### Work required
Using the data that follows, give again word for word the lines between the one holding "GQ Style | Il Surfista" and the one holding "Espresso Finish Vanity", inclusive. Omit the pictures.

### Data for analysis
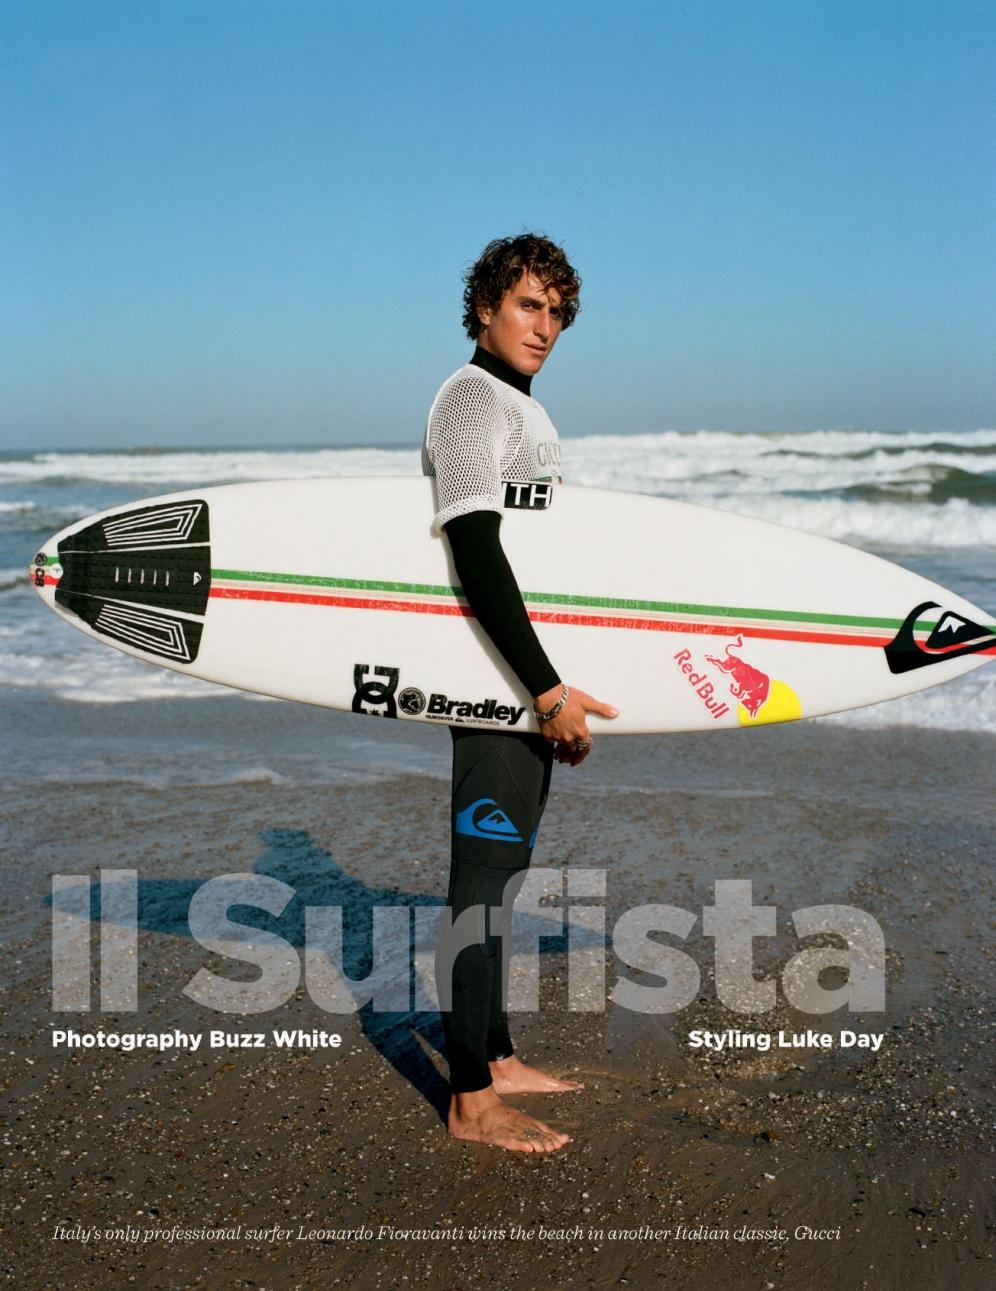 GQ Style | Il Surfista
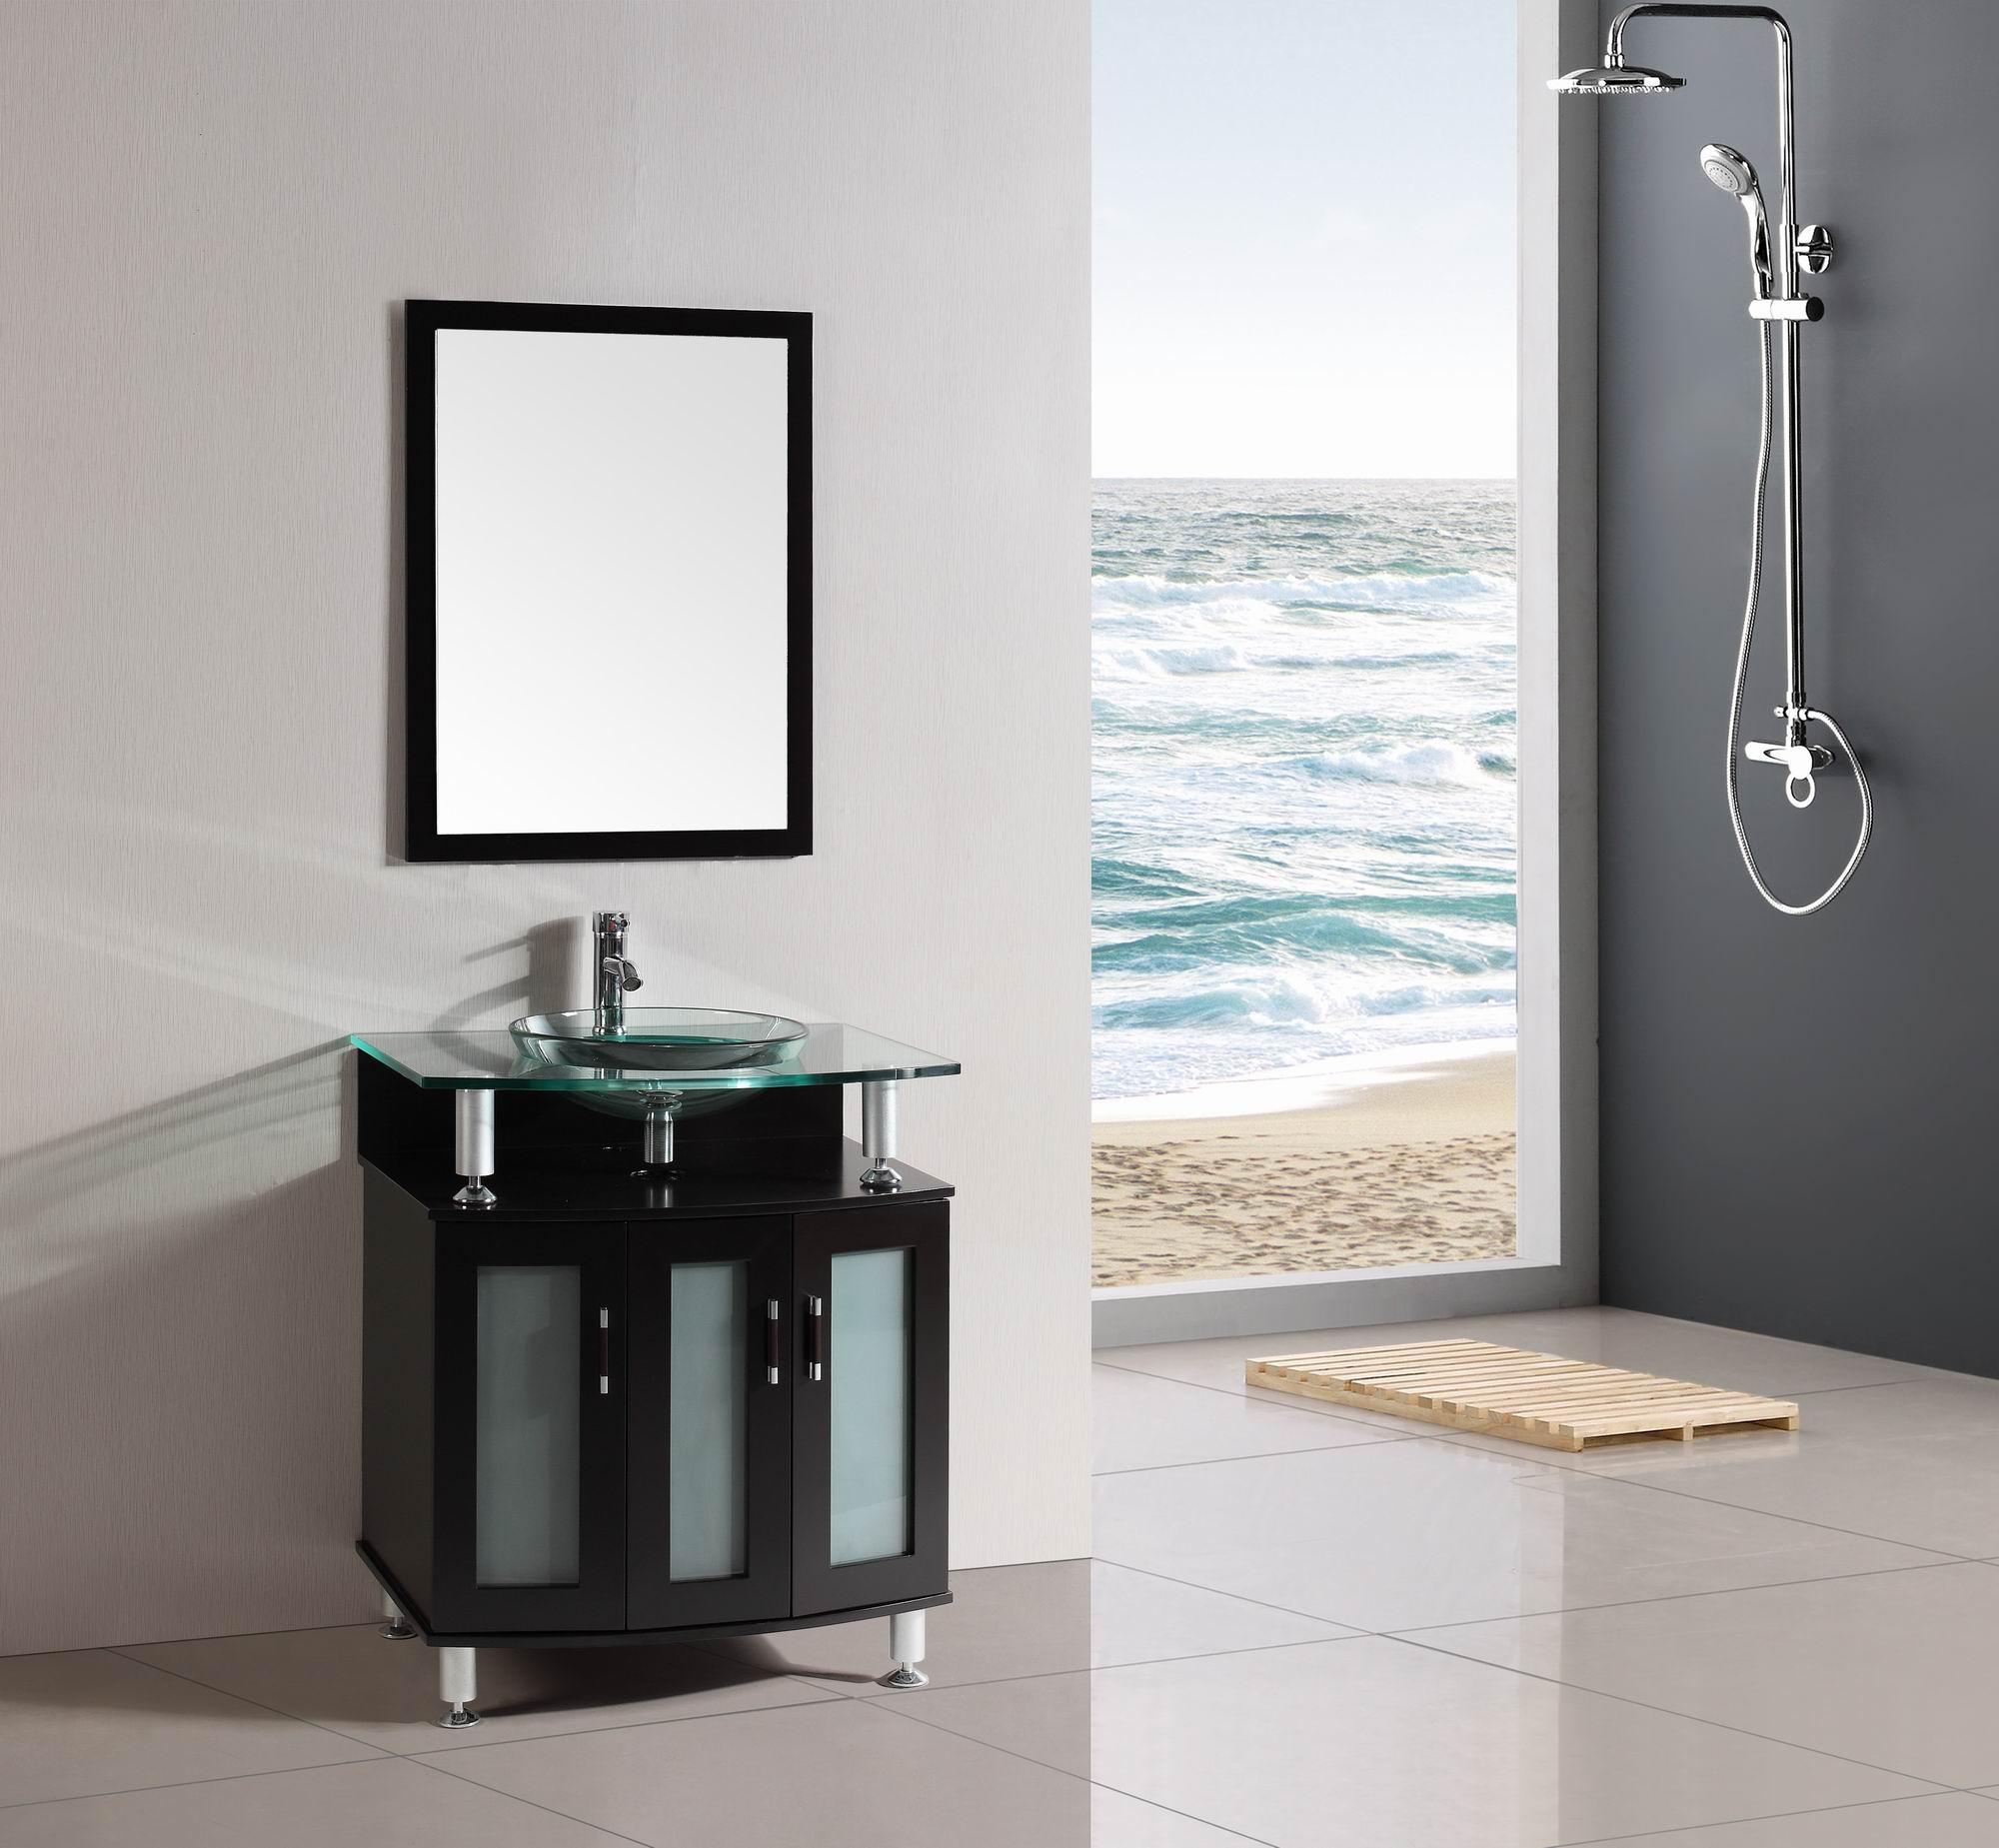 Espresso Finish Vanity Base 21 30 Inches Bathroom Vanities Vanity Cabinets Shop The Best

* * *

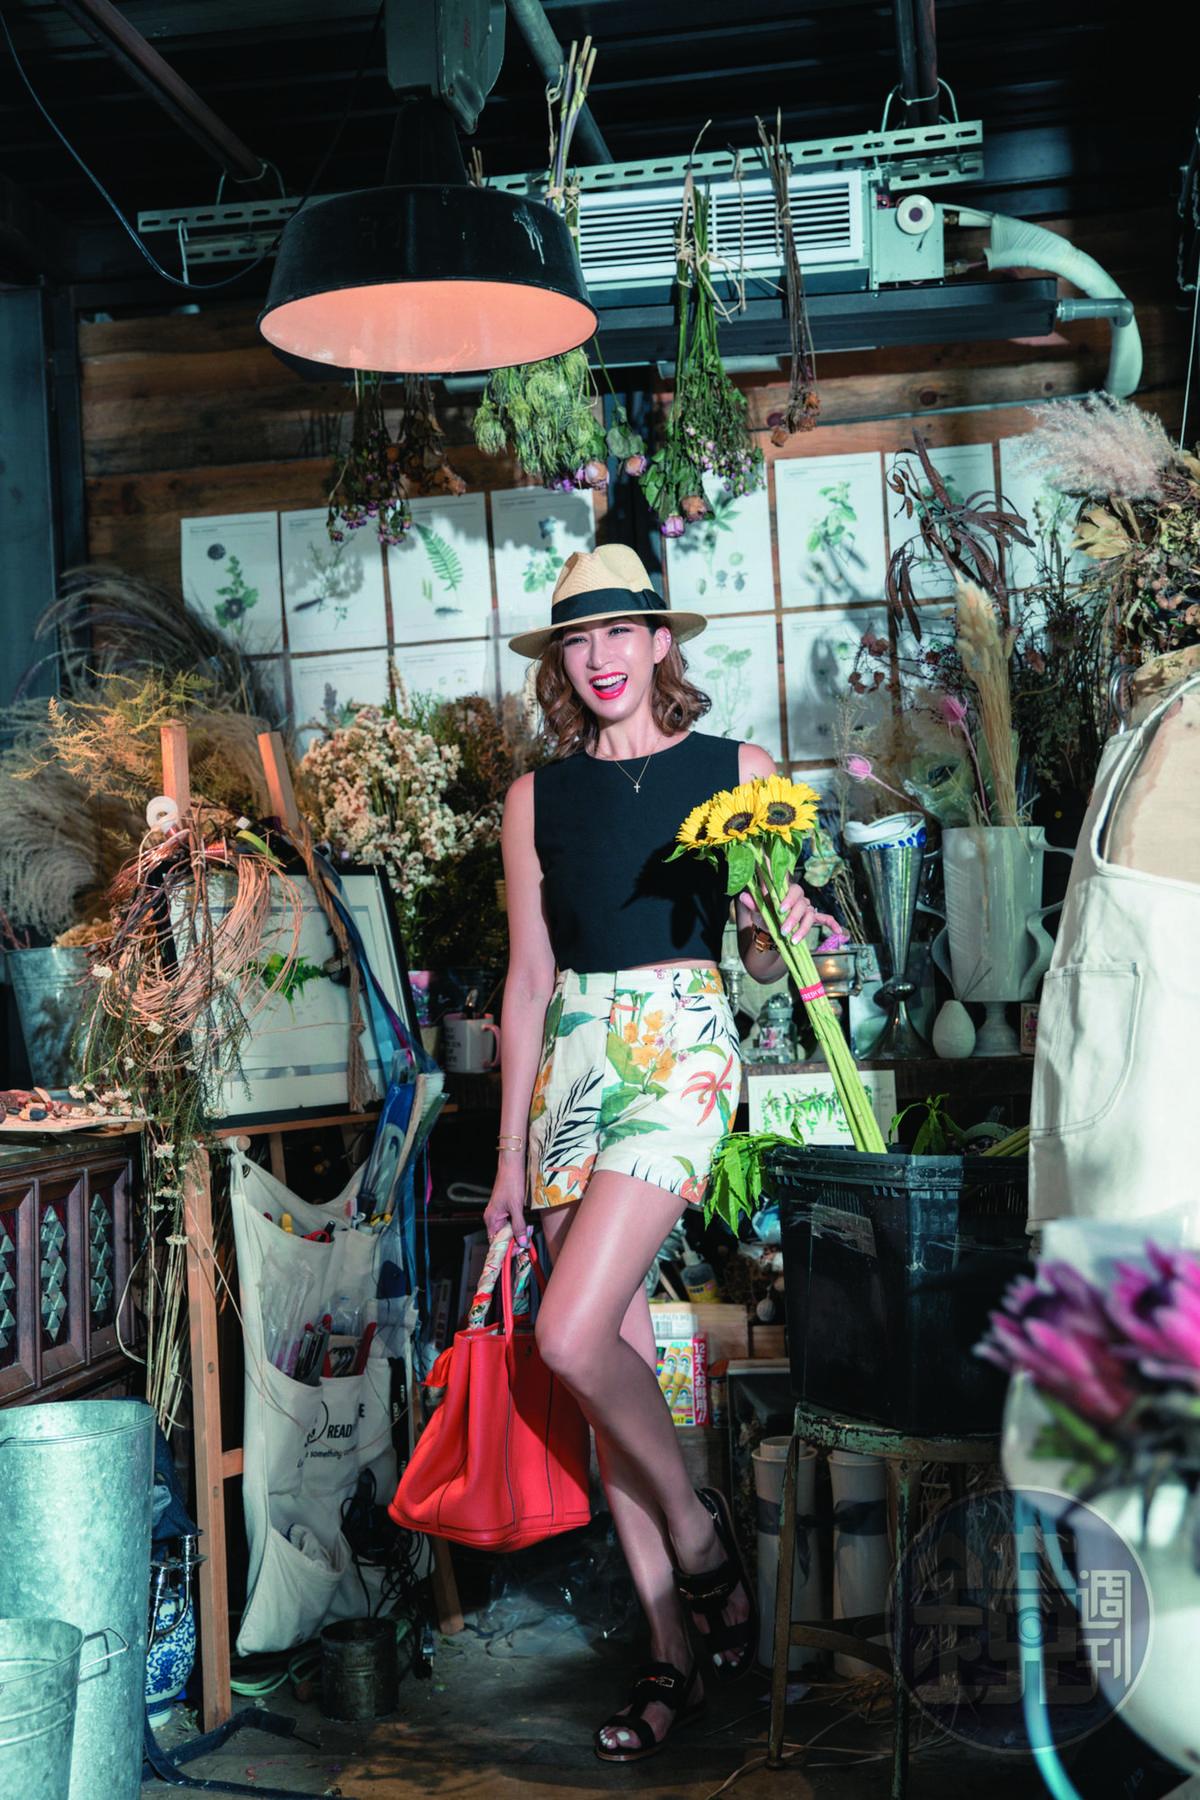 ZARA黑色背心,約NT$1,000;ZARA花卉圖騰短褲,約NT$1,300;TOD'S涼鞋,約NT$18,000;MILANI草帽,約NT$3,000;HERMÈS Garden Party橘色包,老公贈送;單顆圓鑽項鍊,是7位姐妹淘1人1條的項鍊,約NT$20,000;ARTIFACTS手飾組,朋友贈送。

### Completed exercise
 GQ Style | Il Surfista
 Espresso Finish Vanity Base 21 30 Inches Bathroom Vanities Vanity Cabinets Shop The Best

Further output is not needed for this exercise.